Samsung is now supplying customer samples of its SOCAMM2 memory module to AI data center customers — more than a month after Micron shipped the first samples and about a week after SK hynix entered mass production. The production hierarchy is the story: Micron shipped first, SK hynix is producing today, and Samsung is working through the final manufacturing ramp after resolving warpage defects that had delayed mass production. All three companies are chasing the same window — NVIDIA's next AI accelerator platform arrives in the second quarter, and whoever ships at volume when it does locks in the reference design position.
SOCAMM2 — Small Outline Compression Attached Memory Module 2 — is a server memory module built from LPDDR5X, the low-power memory architecture in smartphones and laptops, adapted for AI servers where moving data between processor and memory can consume as much power as the computation itself. All three companies claim substantially higher bandwidth and substantially lower power draw than the RDIMM standard currently in most servers.
SK hynix is producing today on 1cnm sixth-generation LPDDR5X, with more than twice the bandwidth and over 75 percent better power efficiency than conventional RDIMM, built for NVIDIA's Vera Rubin chip, according to SK hynix's press release and corroborated by TrendForce and Wccftech. Samsung claims up to 153.6 GB/s of bandwidth — 2.6 times higher than DDR-based server memory — and over 70 percent better power efficiency, according to Samsung Semiconductor's product page. Micron shipped the world's first 256GB SOCAMM2 customer samples in early March with 256GB of capacity, roughly a third higher than Samsung and SK hynix, but has not announced a production date, according to Micron's investor release. The density comes from its 1-gamma DRAM process.
Samsung resolved manufacturing delays that had held up the product by lowering soldering temperatures from above 260C to below 150C and shifting the die configuration from a dual-tower to a single-tower structure for mechanical rigidity, according to TrendForce citing ETNews. Samsung says it is now working directly with NVIDIA on optimization for accelerated infrastructure, according to Samsung's news-events blog.

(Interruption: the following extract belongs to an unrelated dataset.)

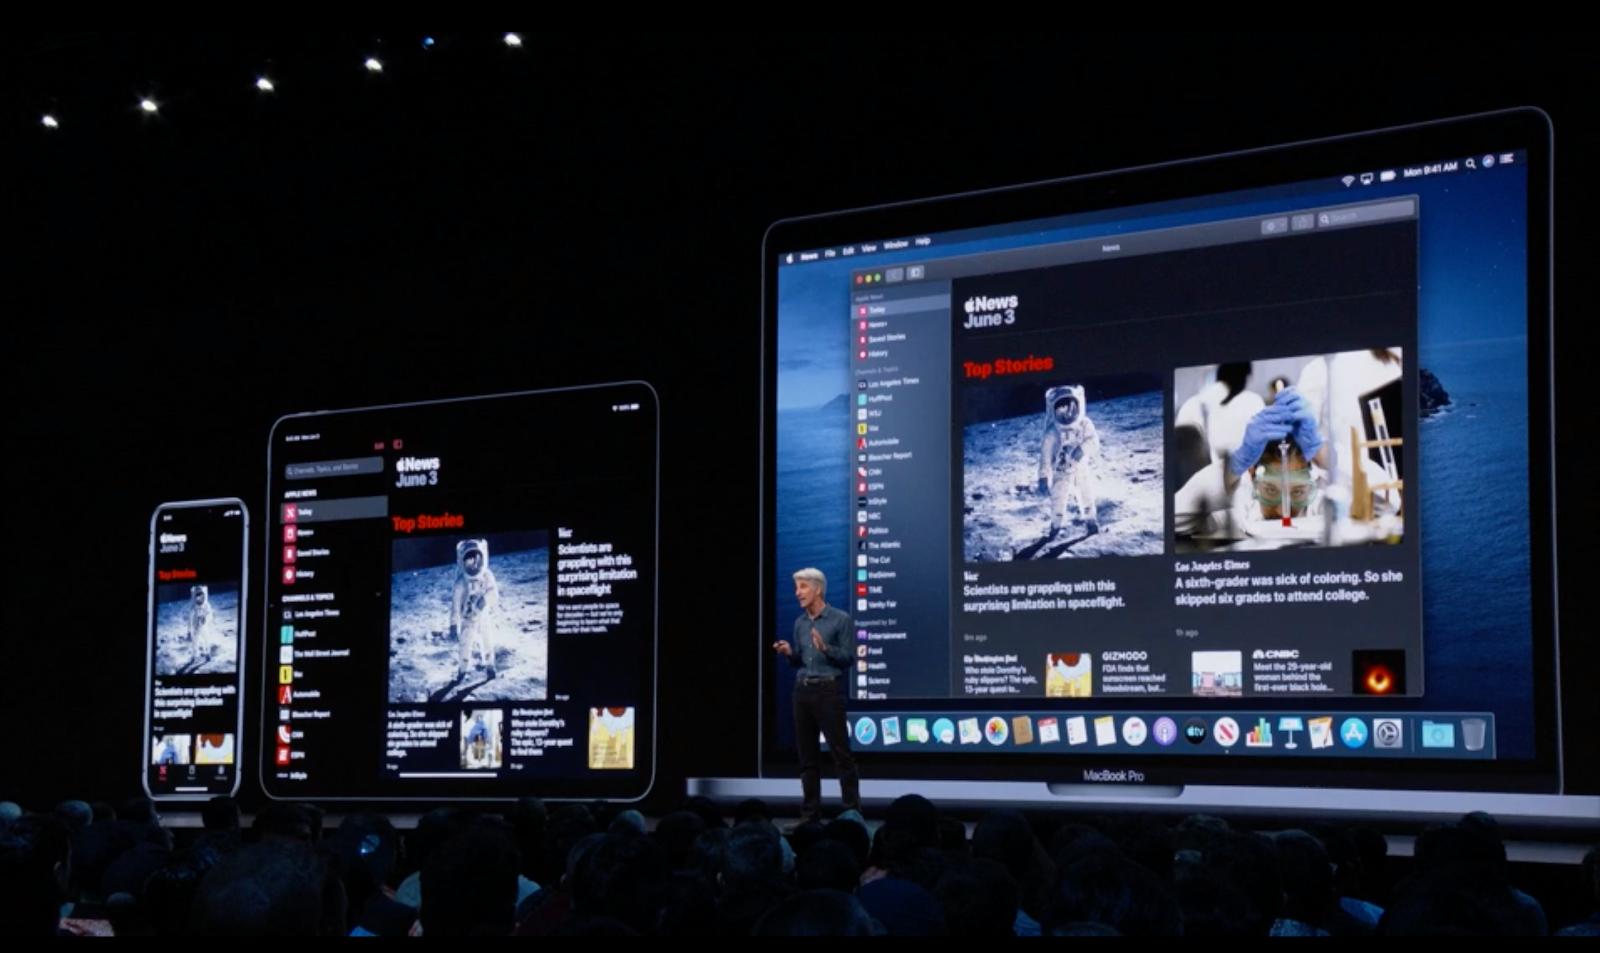 Mac apps instead of iTunes

There is a tension in the production claims worth noting. JoongAng Ilbo, cited by TrendForce, reported Samsung is strengthening its position as the first in the industry to begin mass production of 192GB SOCAMM2 — which appears to clash with SK hynix's April 20 mass production announcement. Both can be true: the companies may be referring to different production stages, different product configurations, or different capacity points in their respective ramps. The honest summary is that all three are in or entering mass production on overlapping timelines.
Samsung says the module can be swapped without touching the mainboard, which matters in systems designed to run continuously, and that its horizontal layout aids airflow and heat-sink placement in both air- and liquid-cooled racks, according to Samsung Semiconductor. SK hynix makes the same serviceability pitch.
In Micron's internal testing, a system running 2 terabytes of low-power DRAM per CPU cut time-to-first-token latency on Llama 3 70B to 0.12 seconds from 0.28 seconds for a 1.5TB configuration, according to Micron. Vendor benchmarks are vendor benchmarks.
AMD wrote this month that LPDDR5X still needs stronger RAS — the reliability features that keep server memory running without silent data corruption — to match what DDR DIMMs have built for 24/7 operations, according to AMD's blog. If stacked LPDDR packaging carries a significant cost premium, some operators will keep RDIMM as the budget option. If the power numbers hold in production, that calculation changes.
SK hynix has production. Samsung has samples in customers' hands. Micron shipped first. The production hierarchy is not on a roadmap. It is what's happening right now.